Domains and Transport Mechanisms
--------------------------------
It is possible for multiple PTP host groups to share a single Ethernet segment.
These groups can be separated by setting different values for the domainNumber
in /etc/ptp4l.conf. Hosts belonging to one group share the same value of
domainNumber.

There are also different transport options for PTP packets over Ethernet. PTP
messages can be encapsulated either in UDP4 (which is the default), UDP6 or
directly into Ethernet frames. The transport mechanism can be selected either
via command line option to ptp4l or in the /etc/ptp4l.conf configuration file.
See the ptp4l(8) manual page for more details.

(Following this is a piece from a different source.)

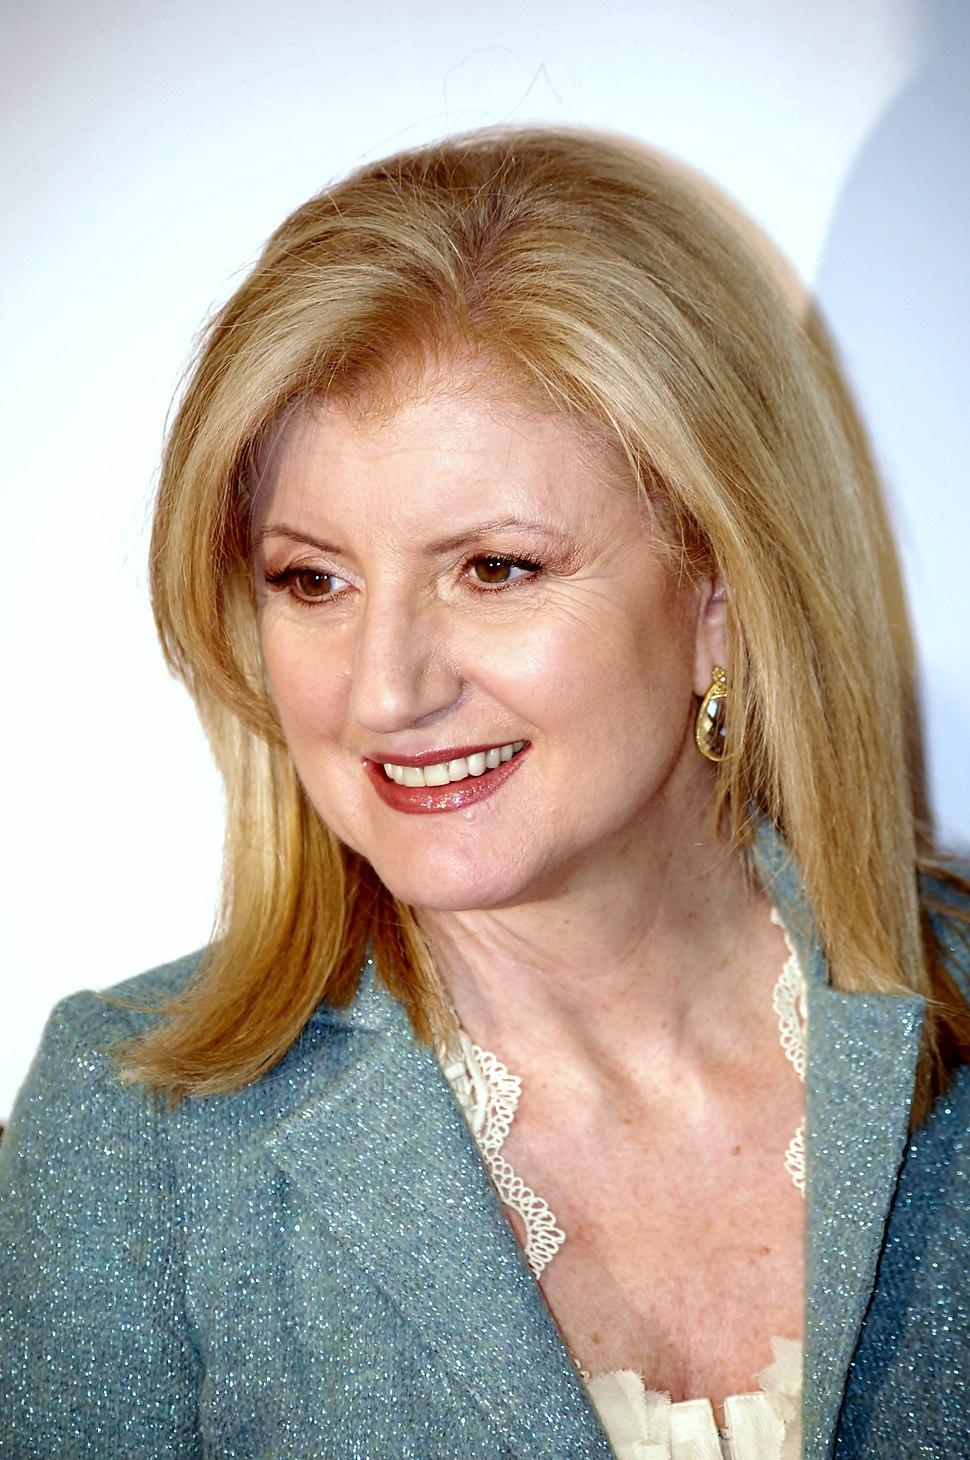 Arianna Huffington 2011 Shankbone 2

Examples of Configurations
--------------------------
Configuration examples in this section are not full configuration files but
rather minimal list of changes that should be done to the indicated files. The
string ethX always stands for the actual network interface name in your setup.

Slave clock using software time stamping:
/etc/sysconfig/ptp4l:
  OPTIONS=”-f /etc/ptp4l.conf -i ethX”
No changes made to the distribution /etc/ptp4l.conf.

Slave clock using hardware time stamping:
/etc/sysconfig/ptp4l:
  OPTIONS=”-f /etc/ptp4l.conf -i ethX”
/etc/sysconfig/phc2sys:
  OPTIONS=”-s ethX -w”
No changes made to the distribution /etc/ptp4l.conf.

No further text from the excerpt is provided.